To do the previous two things, you need humility. To recognise you have received mercy means you must humble yourself. It’s interesting, but the previous parable Jesus taught teaches something about humility, which is relevant. He says a servant doesn’t deserve a thank you for doing his job, that’s what he is there to do. When we see ourselves as we should, we will not stand around with our hand out waiting for God to tip us; we will say, ‘We are unprofitable servants – we’ve done what we were supposed to do.’ And yet, all around you, you will see that God has blessed you and blessed you and blessed you.
It also takes humility to be willing to stop and reflect. Proud people are so self-absorbed, they will tell you they don’t have time to stop and think about God’s work in their lives.

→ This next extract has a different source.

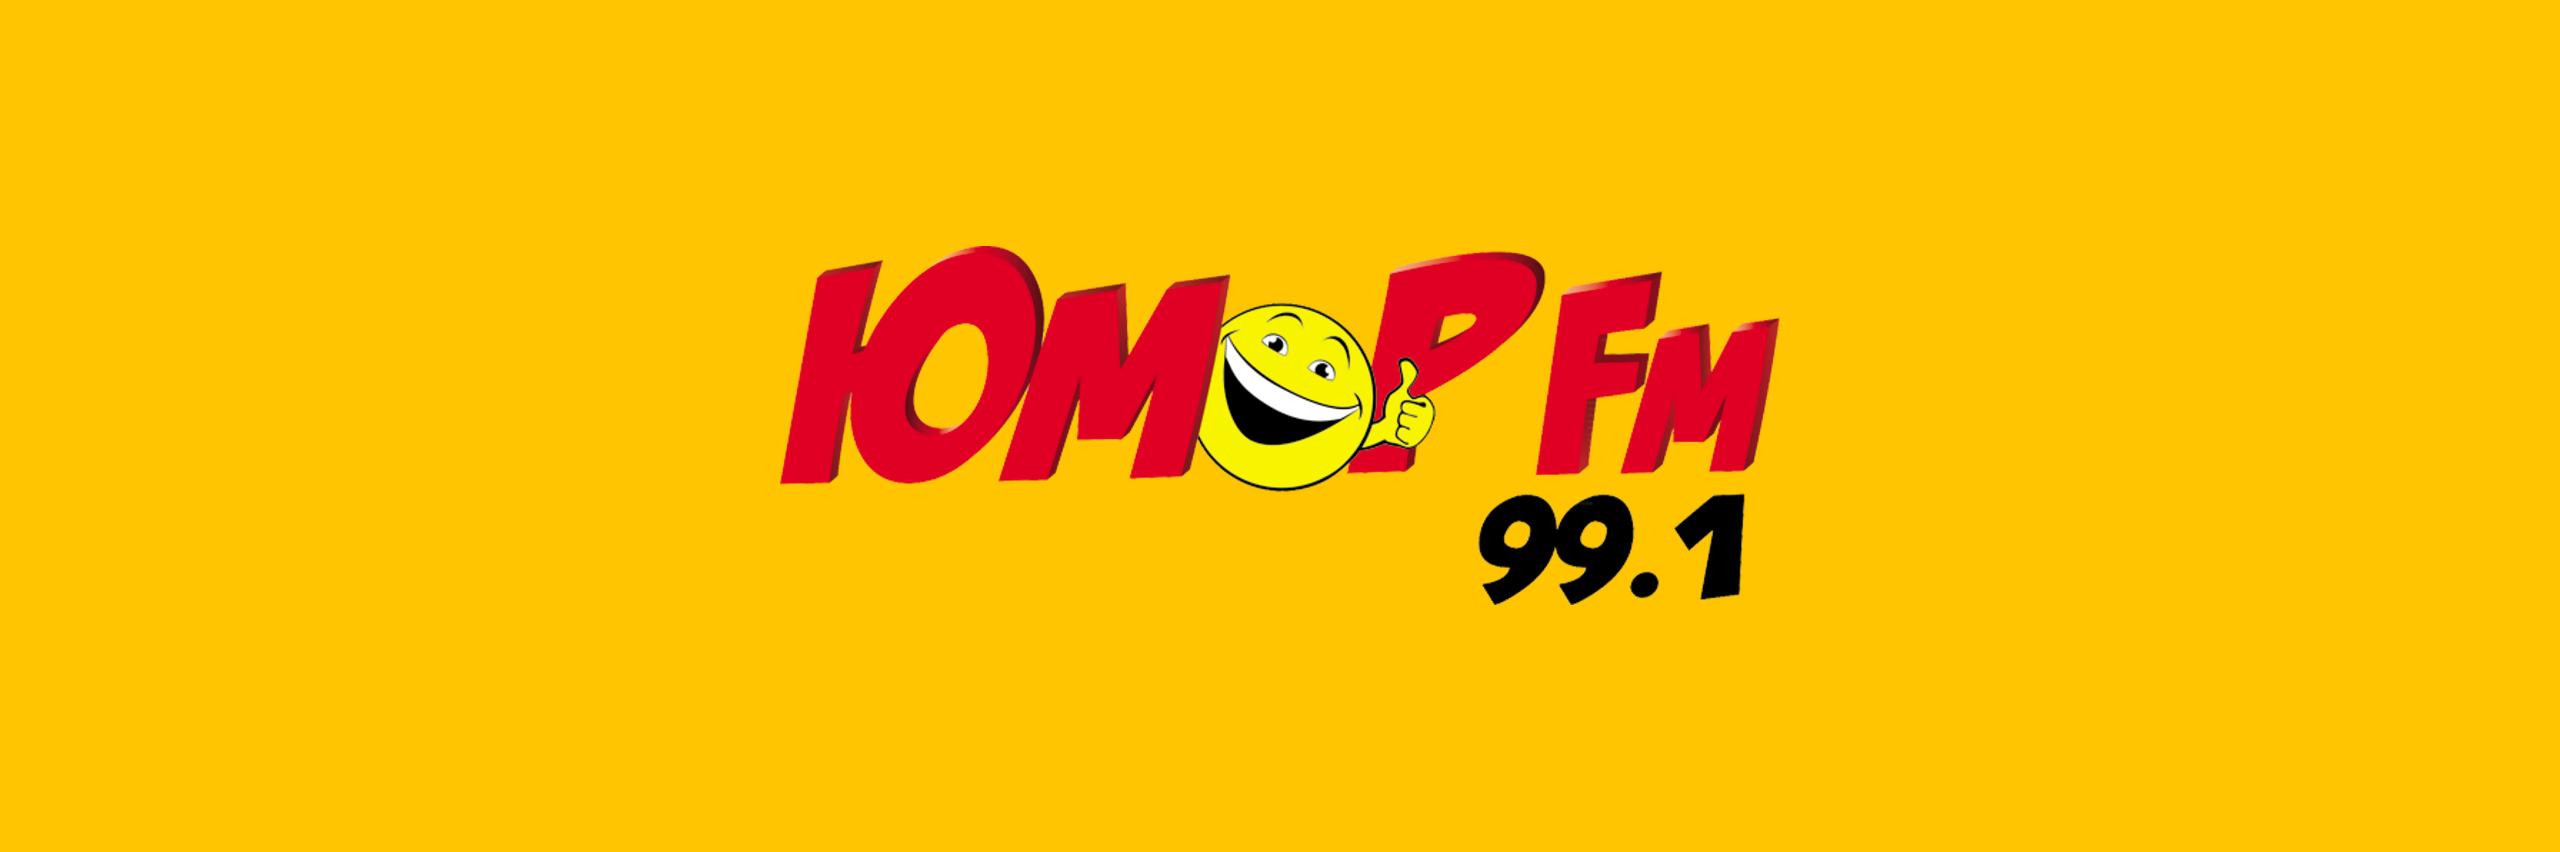 Юмор FM - Воронеж
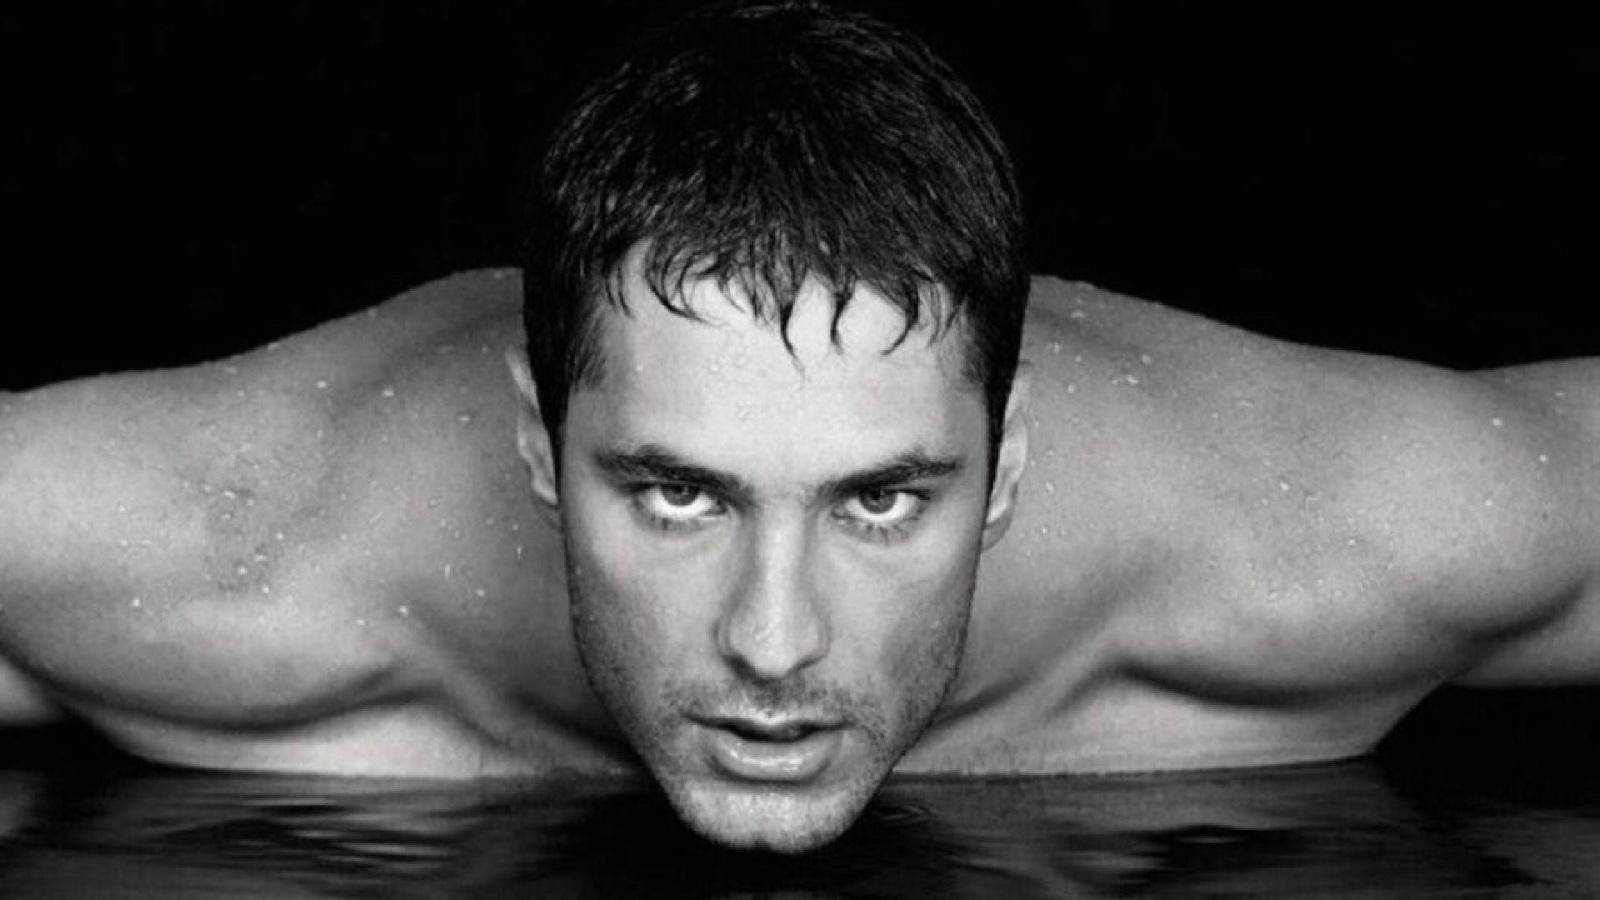 Amore Nero Raoul Bova raoul bova - Поиск в google   people with style.   uomini

You see, the nine would have told you, ‘Sure, we’ll thank Jesus, later, but right now we’ve got to get to the priest. Right now, we need to do the most important thing.’ And would they have ever got to say, ‘Thank you?’
Gratitude becomes a neglected duty, when we are too concerned with getting ahead, and not humbling ourselves to acknowledge who is letting us get ahead, who is enabling us to make progress, who is keeping us alive to see each of these days.
We look at these men and we shake our heads, but they are pictures of us. Notice again, it is a Samaritan who is doing right, and the people of God are doing wrong. It was the priests and the Levites that left the man on the side of the road and the Samaritan that helped him. And it is a Samaritan that returns thanks. The rebuke is to God’s people. You of all should be a thankful people.